- Problem requirements:
Each line below is to be repeated exactly; any picture is to be left out.

- Supplied data:
[Start of section]
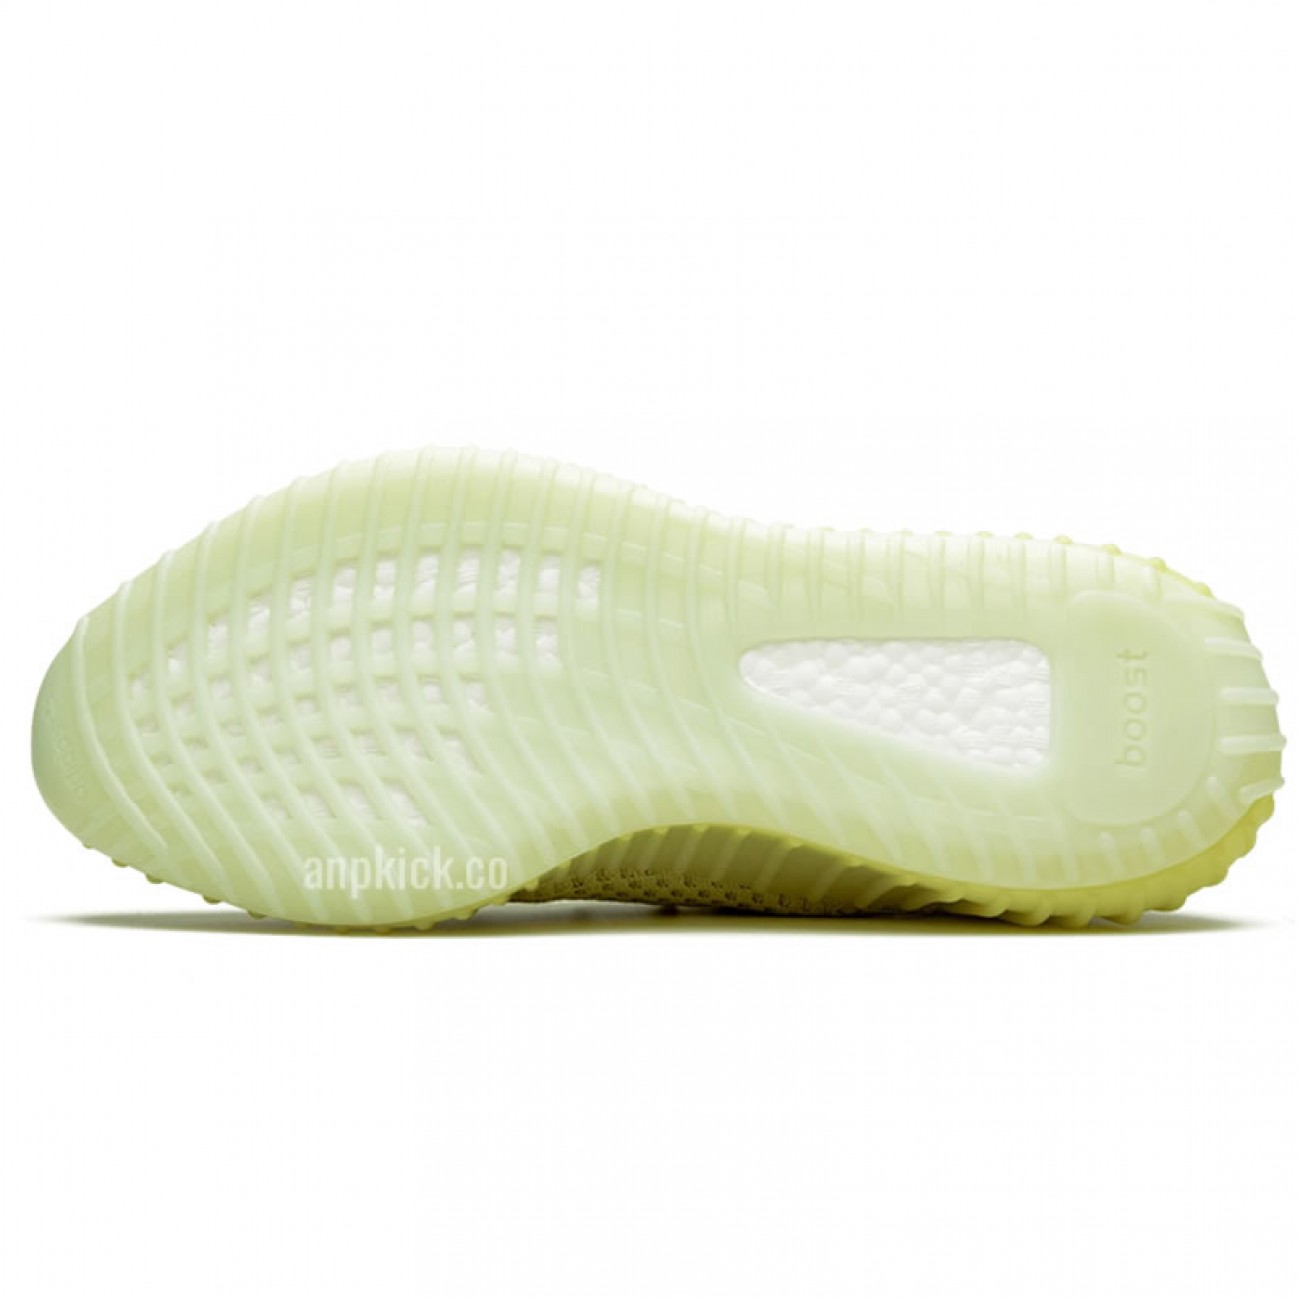 adidas Yeezy Boost 350 V2 "Marsh" Reflective FX9034 New Release Date
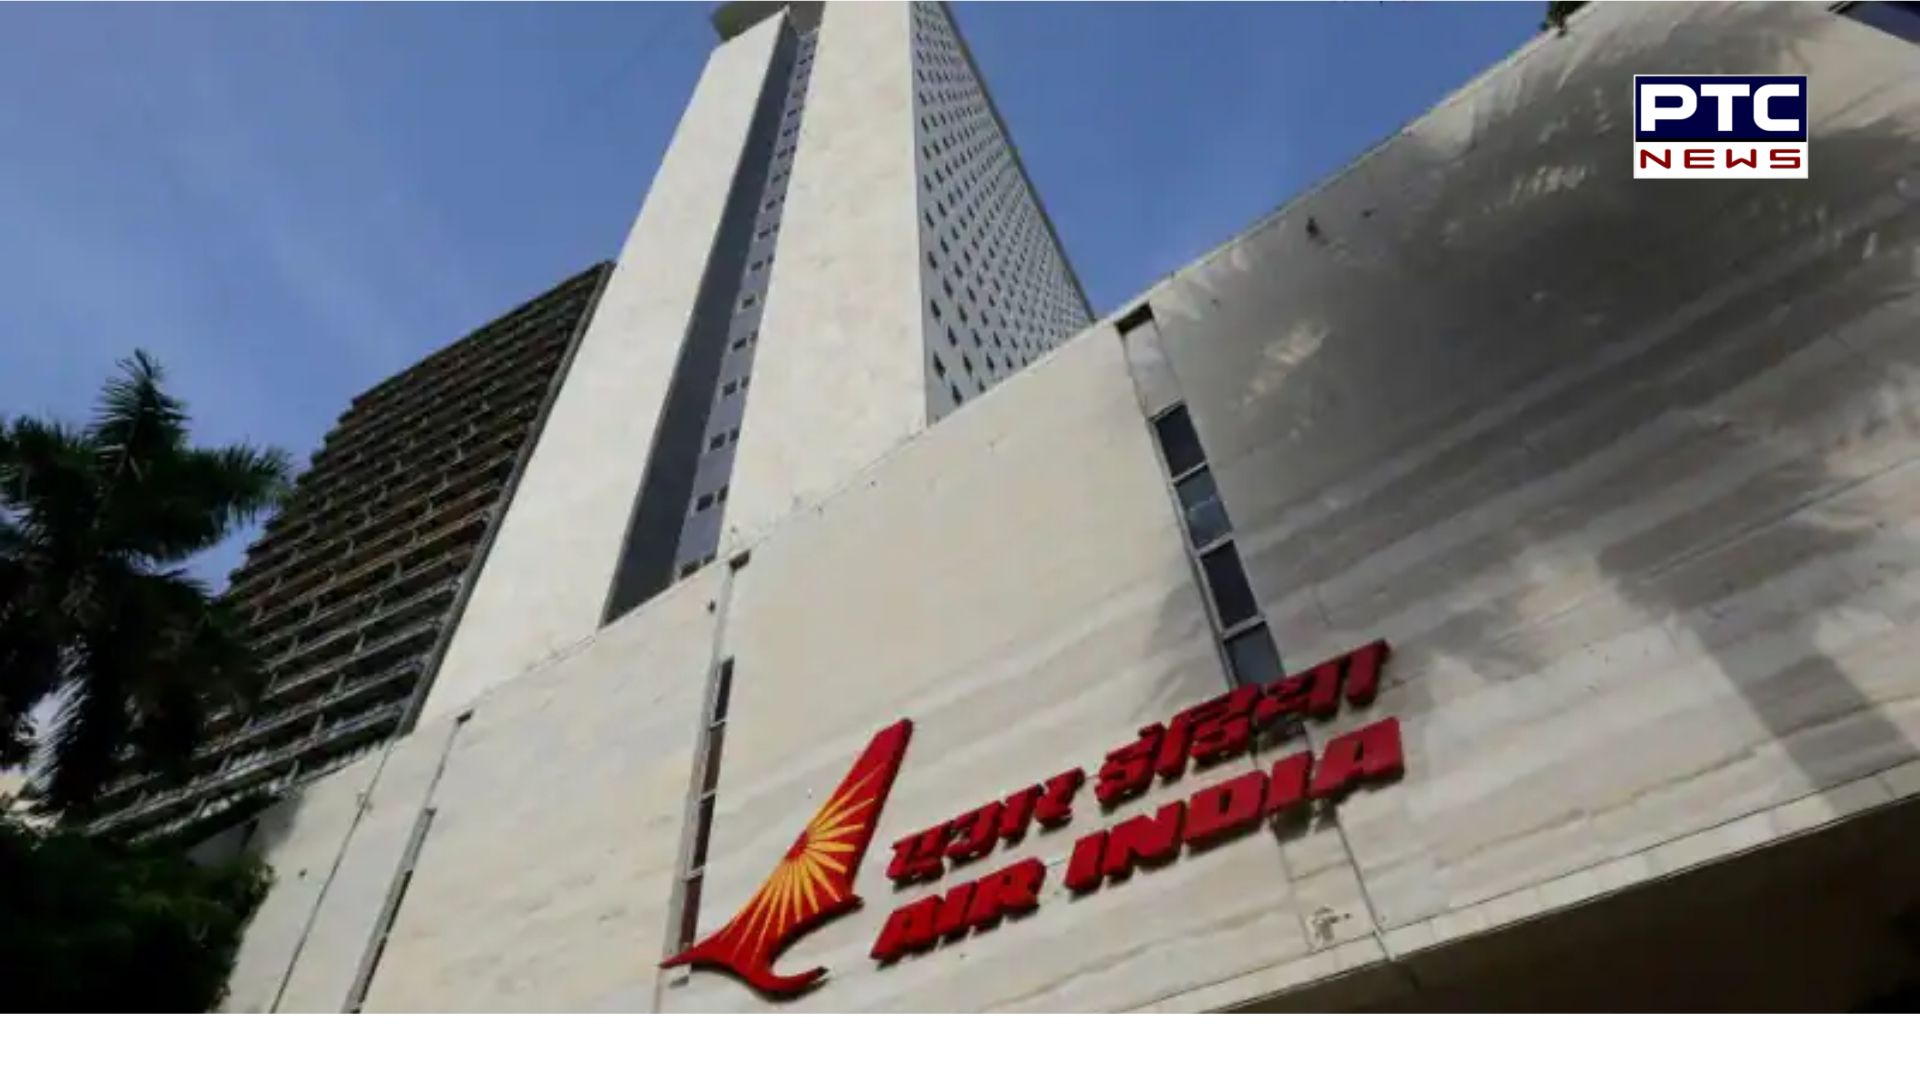 Maharashtra Govt gets iconic Air India building for a whopping Rs 1,601 crore
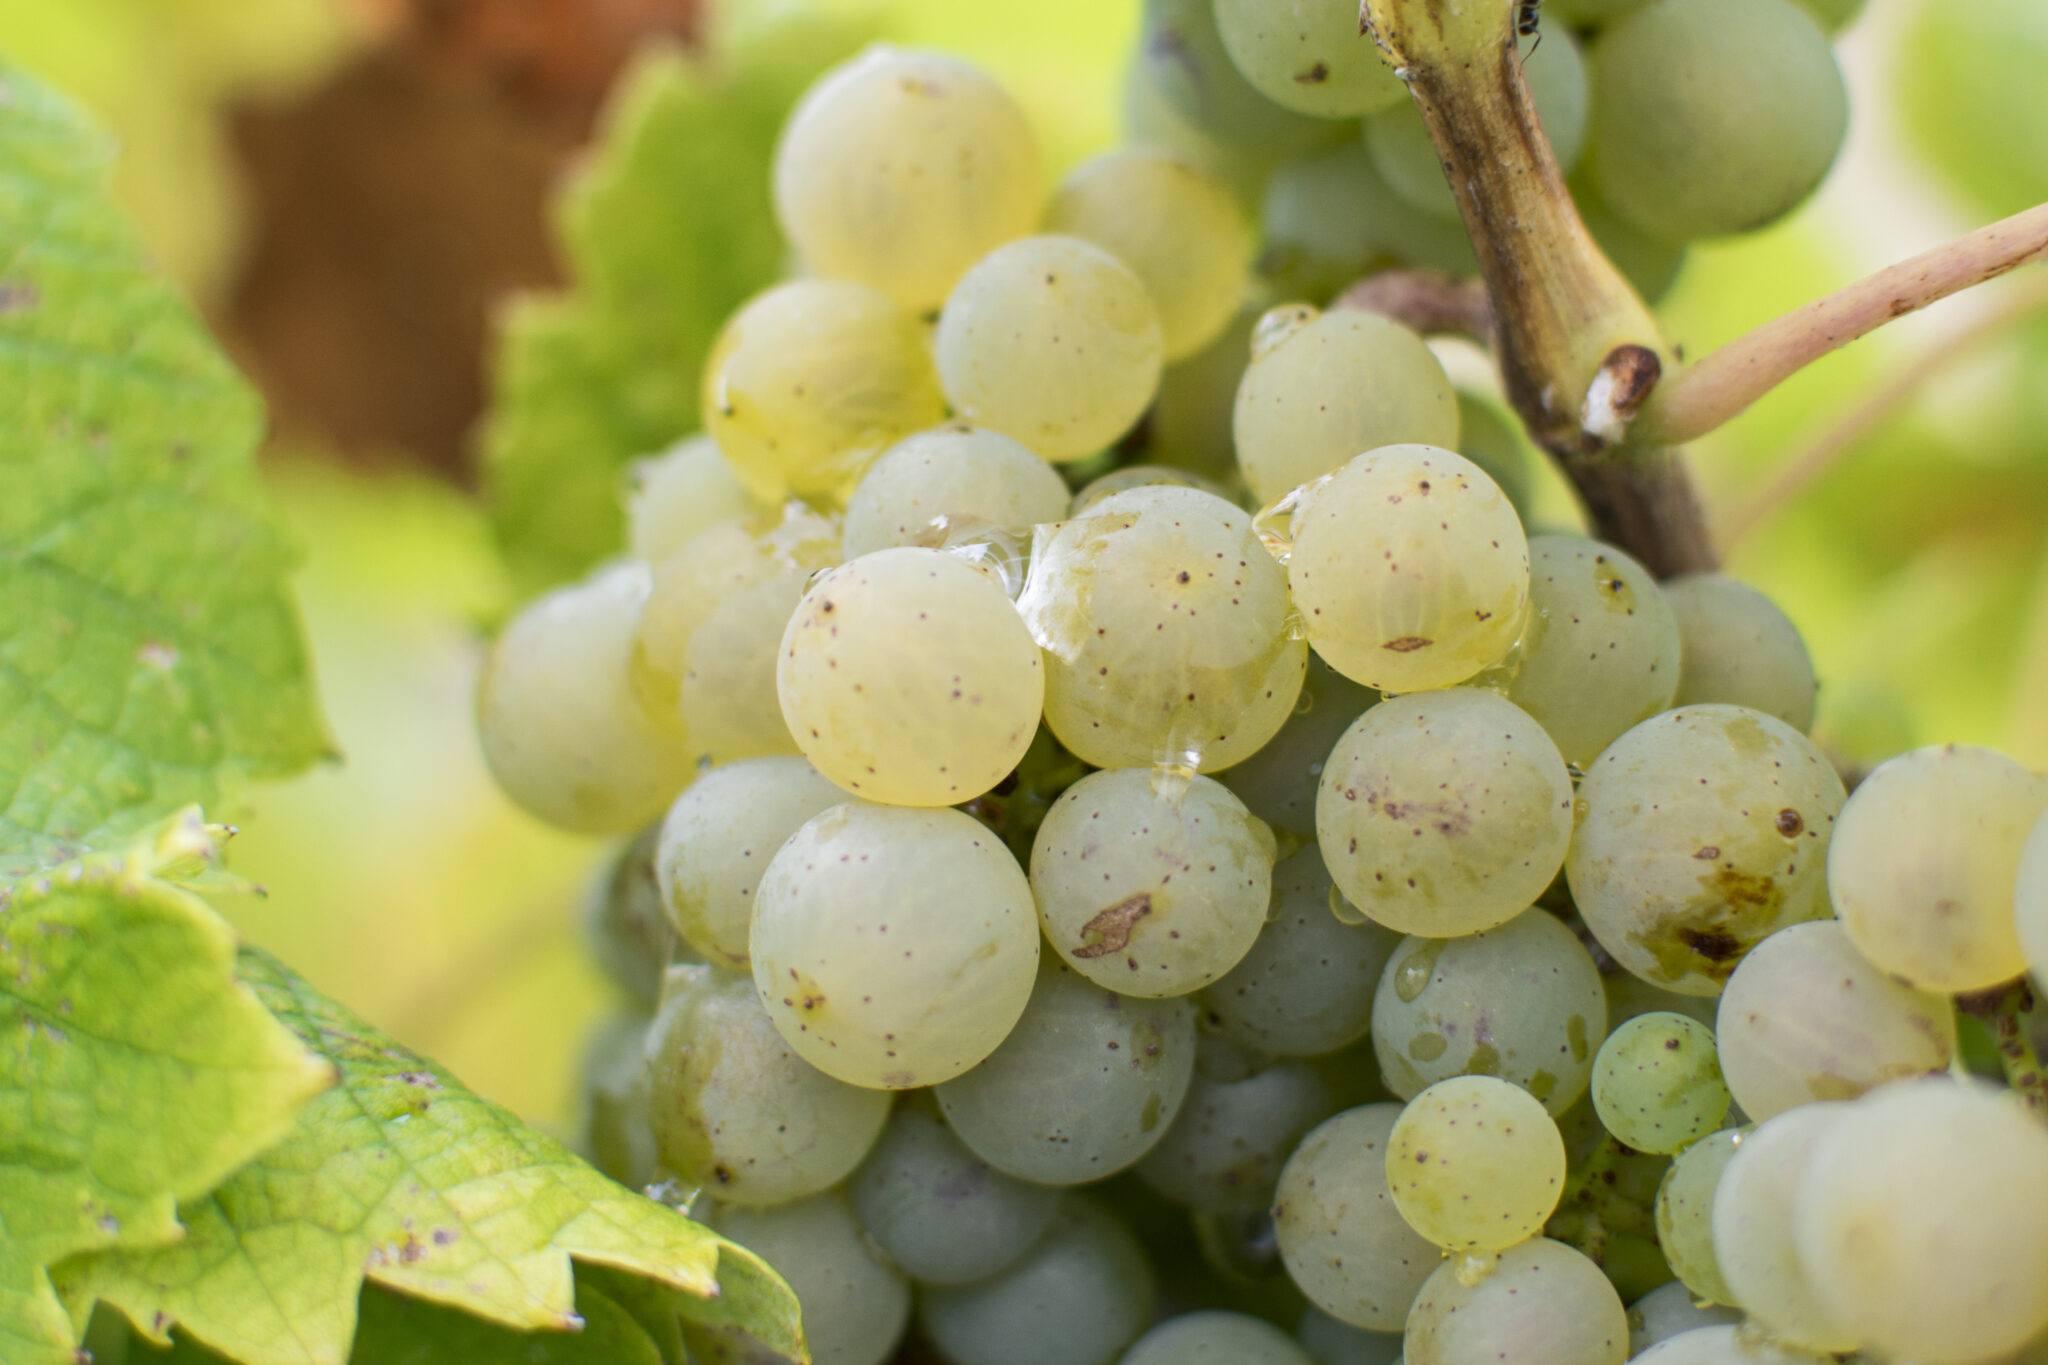 Bunches of ripe white grapes on vine
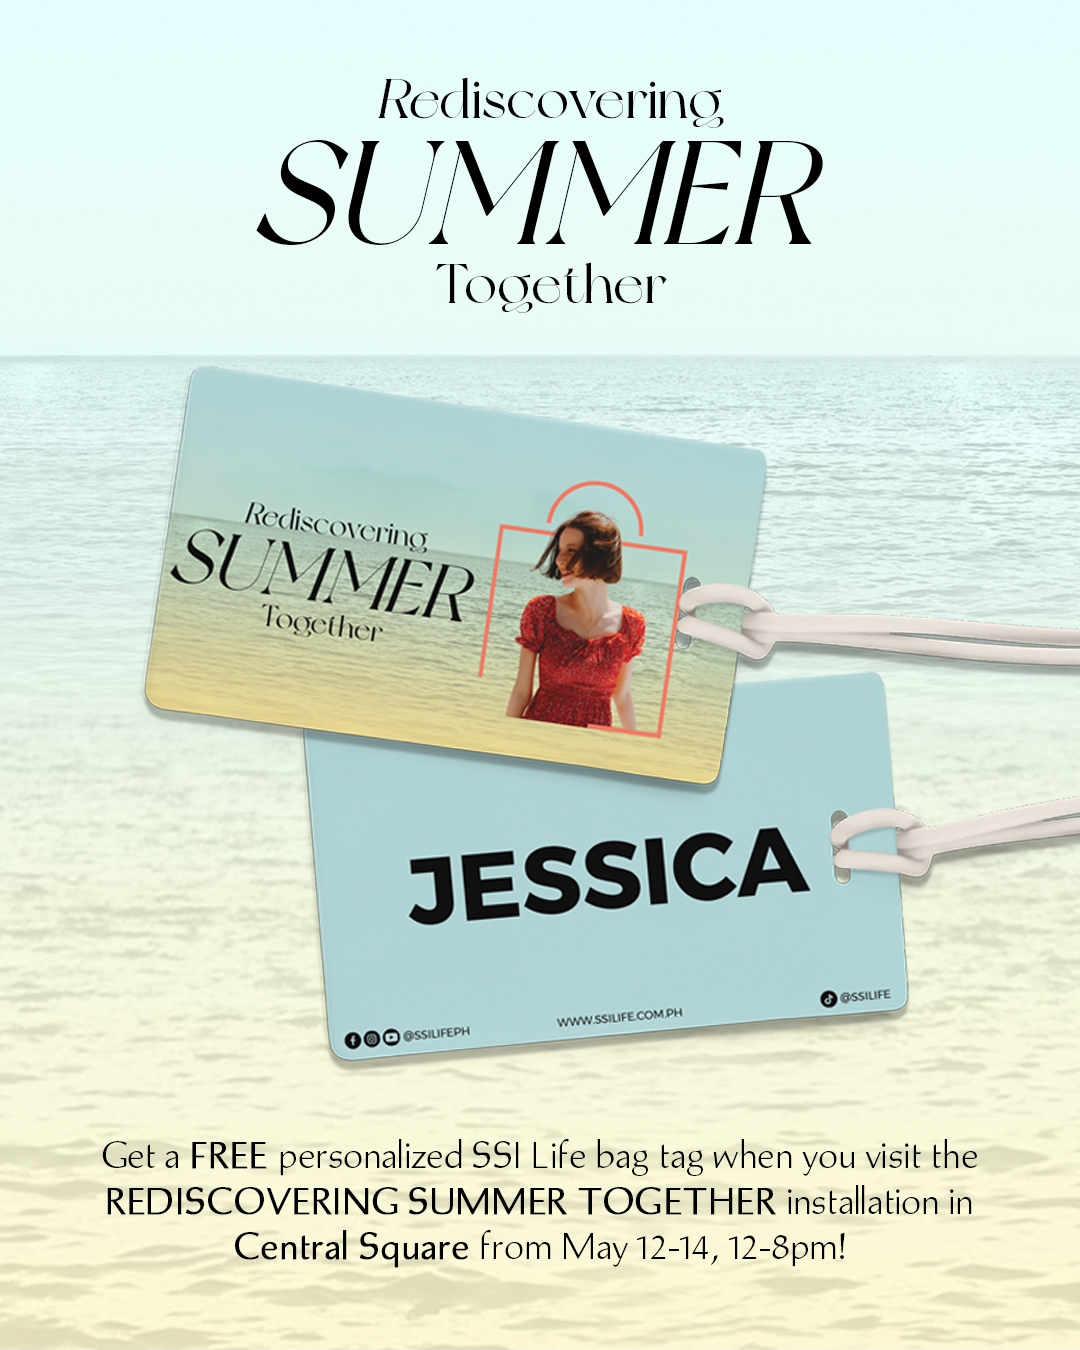 SSI Life's Rediscovering Summer Together Campaign
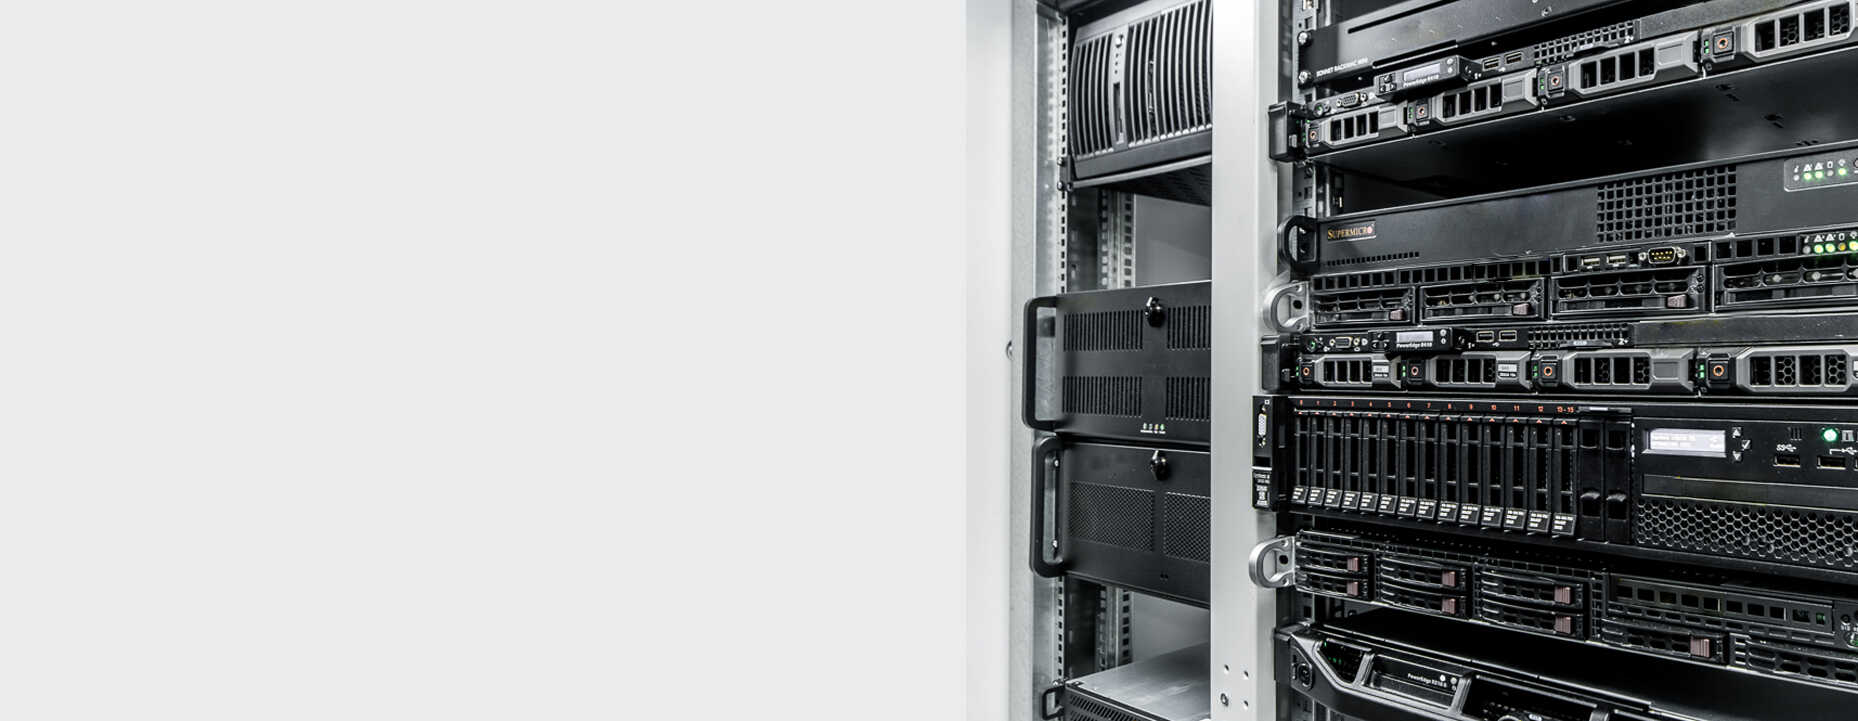 All information around rack and tower colocation
[End of section]
- Completed task:
 adidas Yeezy Boost 350 V2 "Marsh" Reflective FX9034 New Release Date
 Maharashtra Govt gets iconic Air India building for a whopping Rs 1,601 crore
 Bunches of ripe white grapes on vine
 SSI Life's Rediscovering Summer Together Campaign
 All information around rack and tower colocation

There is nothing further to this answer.